第五話 命題の論理・その2
なるべく"教科書"にはなりすぎないように気を付けております。
レイナとロゼは役所へと入った。
中には受付があり、その奥では職員が働いているようだ。
「あそこです!行ってみましょう」
ロゼは、ディベート部と書かれた看板を指さした。どうやら、ディベートに関する部署のようだった。レイナは従い、そこに向かった。
レイナとロゼは椅子に座り、職員を呼んだ。職員はすぐに来た。
受付の女性は非常に若く、眼鏡をかけていた。知性を感じさせる雰囲気はあるが、少し子供っぽさもあった。美しいというよりは可愛らしいという言葉が似合う。
「本日はどのようなご用件でしょうか?」
「えーと、なんて言えばいいのかな。この世界で使う本......ディベートの記録がされる、あの本が欲しくて」
レイナは何と伝えればいいのか分からなかったが、ロゼが隣から補足してくれた。
「この方のDブックが欲しいんです。いままで発行されたことがなくて」
「Dブック?」
「例の本の名前です。ディベートブックの略ですね」
「はええ。そういう名前なんだね」
Dブックは必ず持っているようなものだから、持っていないと聞いた職員は怪訝に思ったようだった。しかし、了承した旨を伝え、ある紙を出した。
「この紙にあなた様の情報をお書きください。

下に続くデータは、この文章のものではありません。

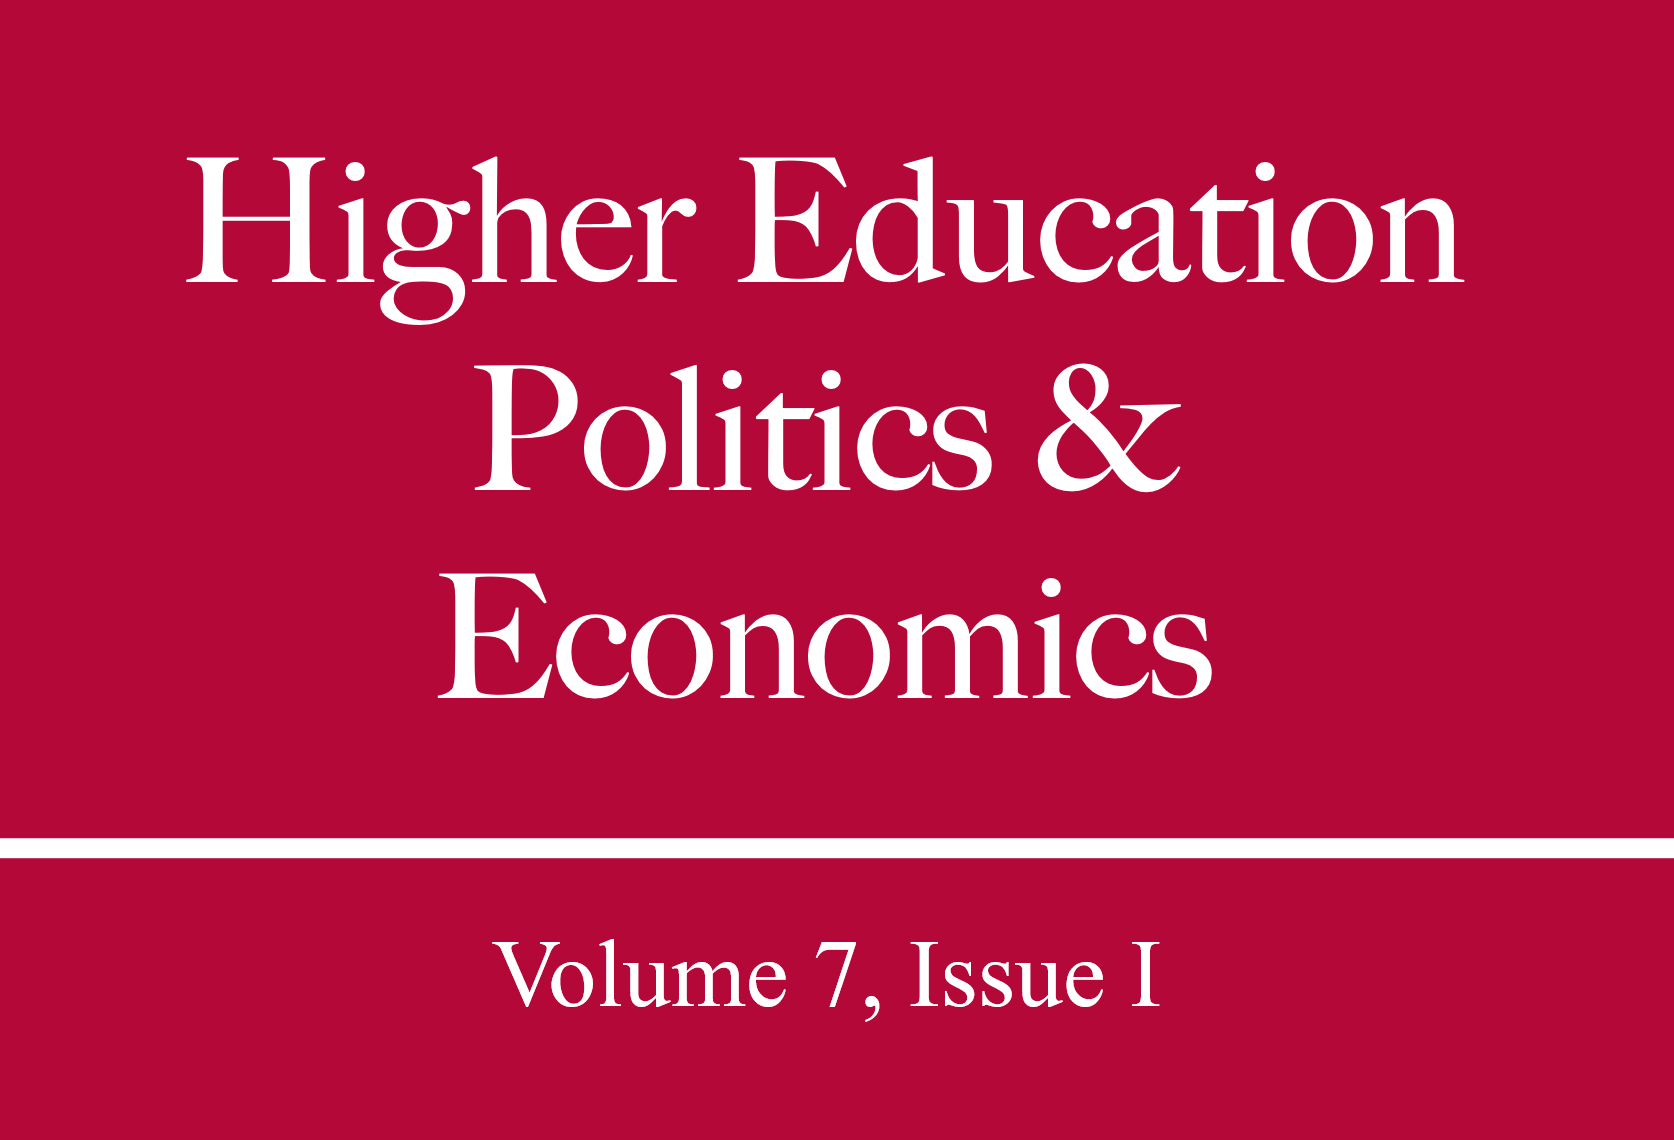 Higher Education Politics and Economics, Volume 7, Issue 1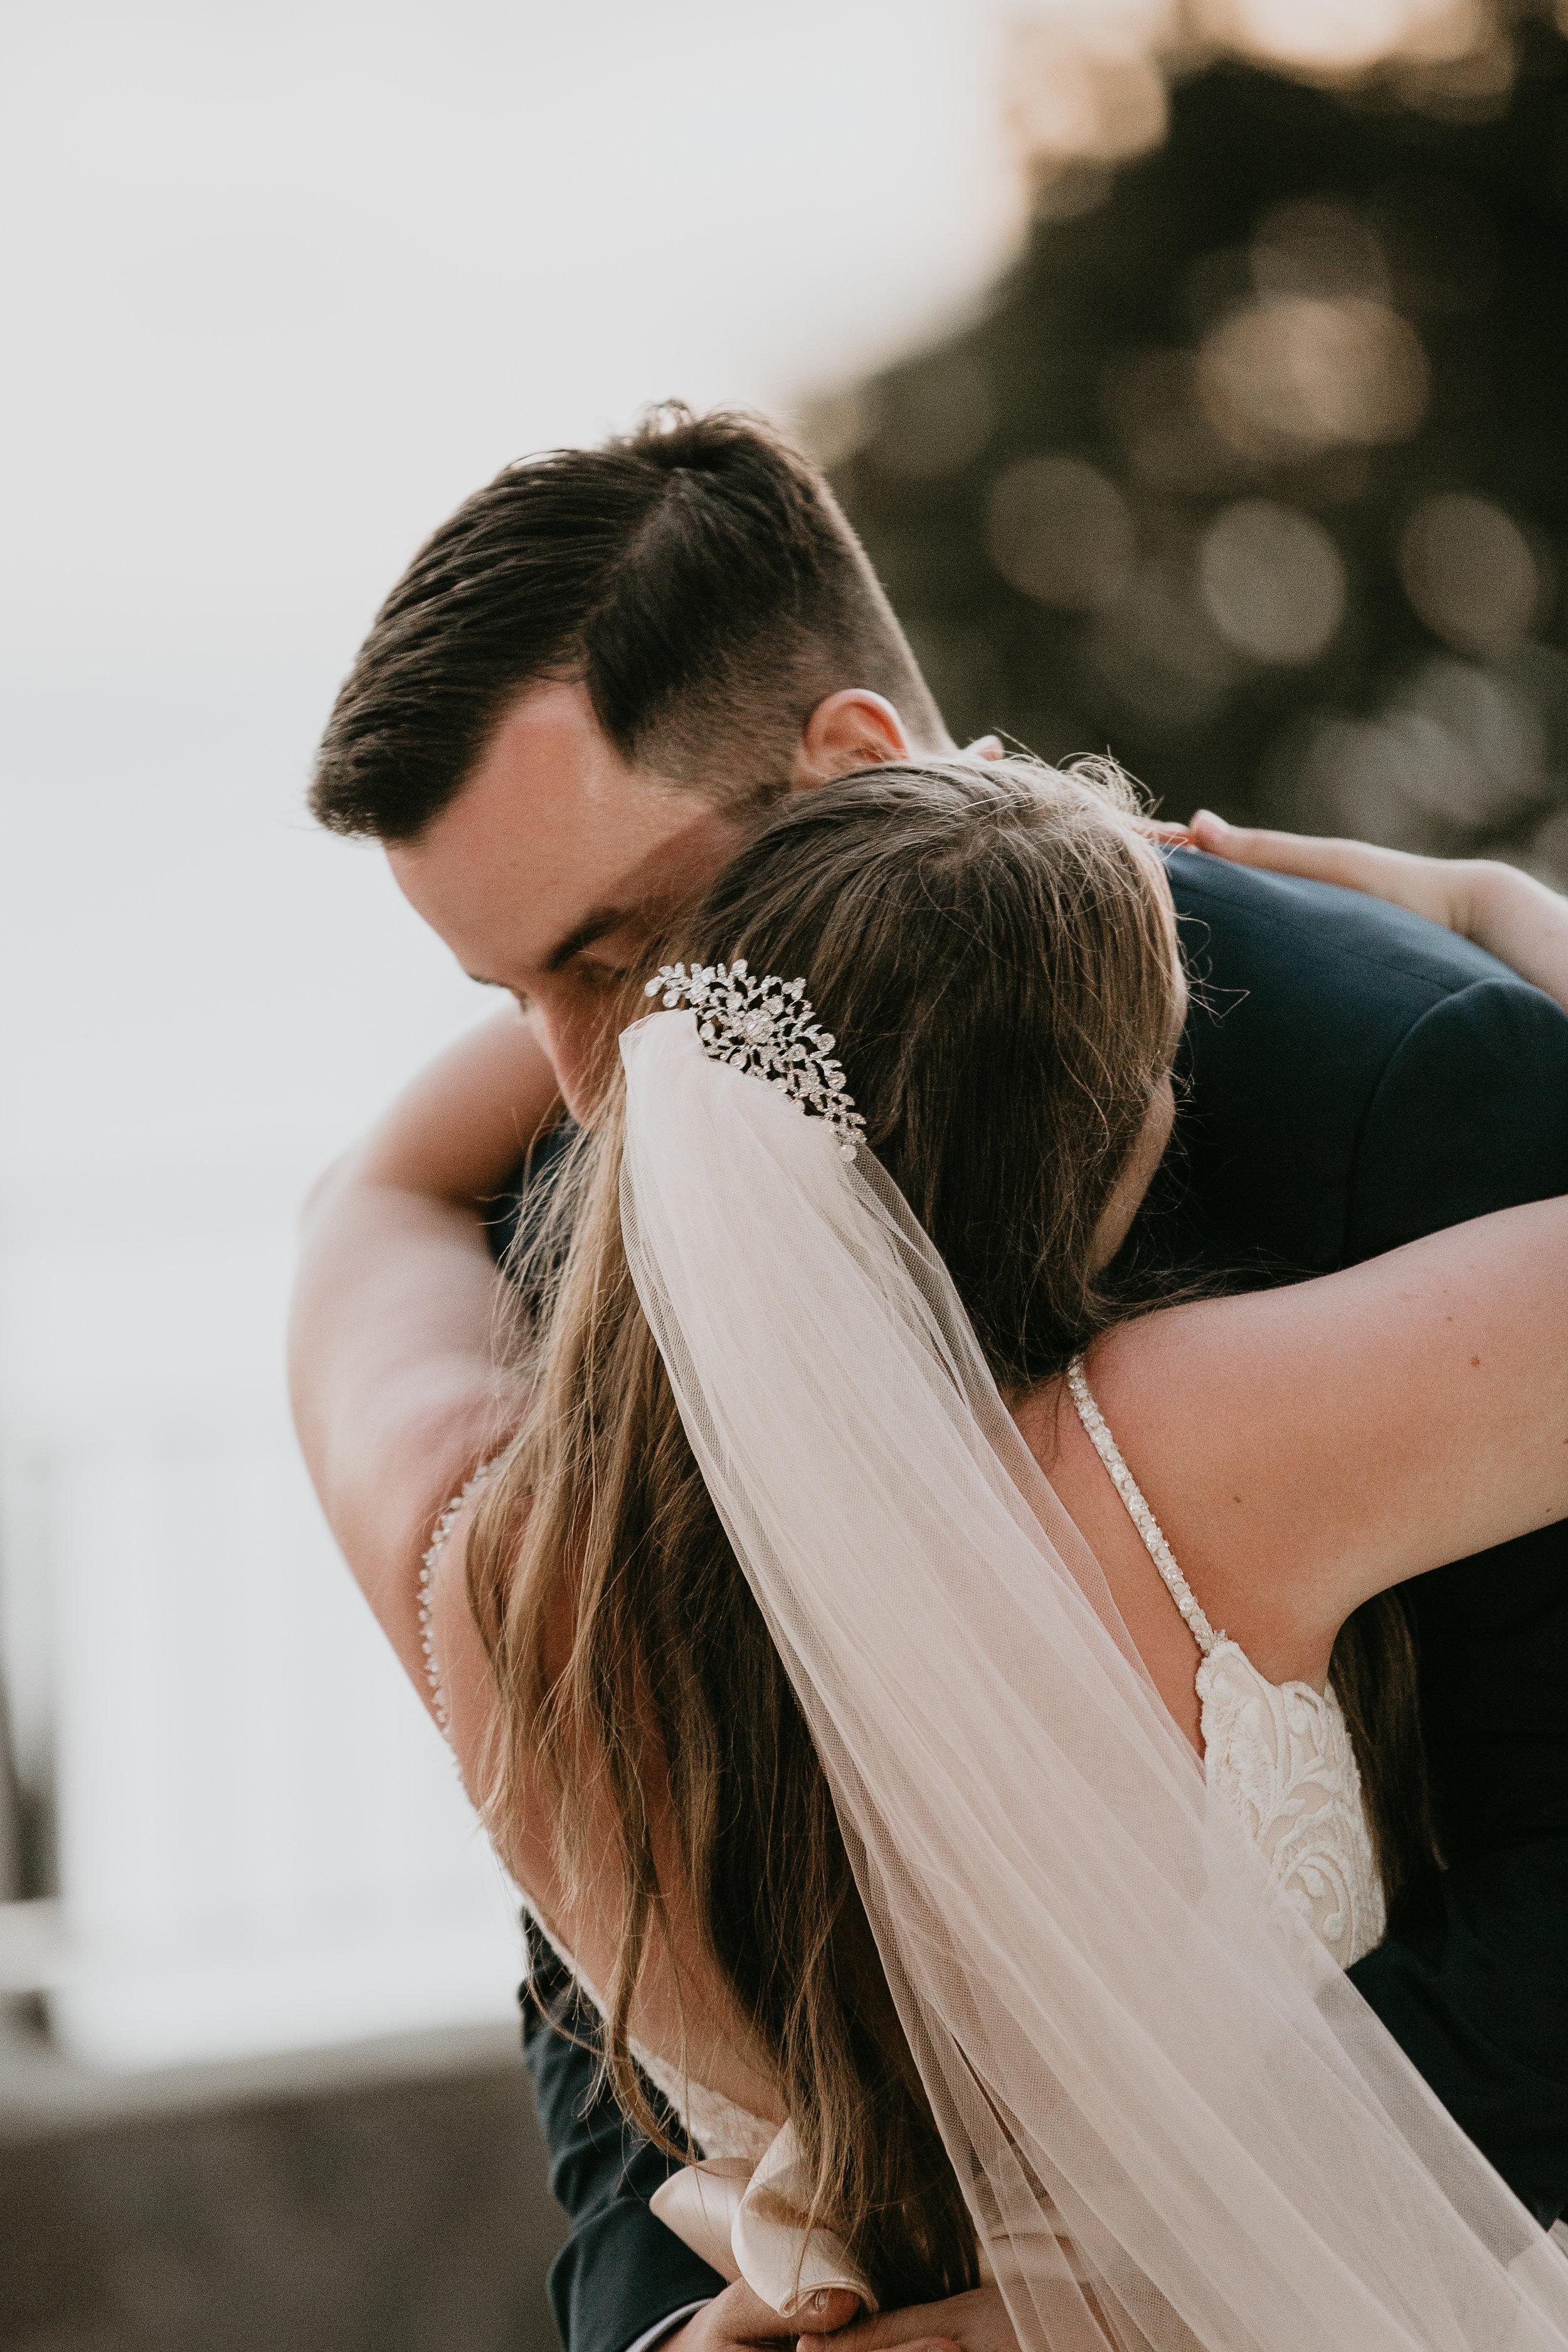 nicole-daacke-photography-destination-wedding-in-st-lucia-sandals-la-toc-intimate-island-wedding-carribean-elopement-photographer-chill-island-wedding-135.jpg

すぐに作れると思います」
レイナは素直に書いた。
佐藤玲奈と書いたところで、ロゼが止めた。それもそのはず、この世界の住人名前に漢字は使われない。
「ああ、そうか。そうだった」
レイナはすぐに思い直し、『レイナ・サトウ』と書き、その他事項を書いて提出した。すると職員はどこかへ行った。
「レイナさんって、身長も高いですし大人な方だなと思っていましたけど、それくらいの年齢だったんですね」
「まだ20代だ。ぴちぴちのお姉さんだよ」
「ぴちぴち......」
ロゼを観察し、さすがに19歳の肌には勝てないなと悲観していると、職員の女性が本を持って帰ってきた。わずか数分のことであった。
「こちらがレイナさんのDブックとなります。中身を確認していただいて構わないでしょうか?えーと......」
そう言って、女性は中身を見せてきた。
『レイナ・サトウ 2-0 直近の成績-ニック・コンフォート 勝利』
その文字を見て職員は驚いていた。
「えっと.....え、ニックさんに?」
「ああ、ついさっきそこでね」
「そ、そうなんですね」
ニックに勝ったという事実は、それほどまで大きなものらしい。
レイナはDブックを受け取り、ロゼと共に建物を出た。広場は変わらず人々が騒いでいた。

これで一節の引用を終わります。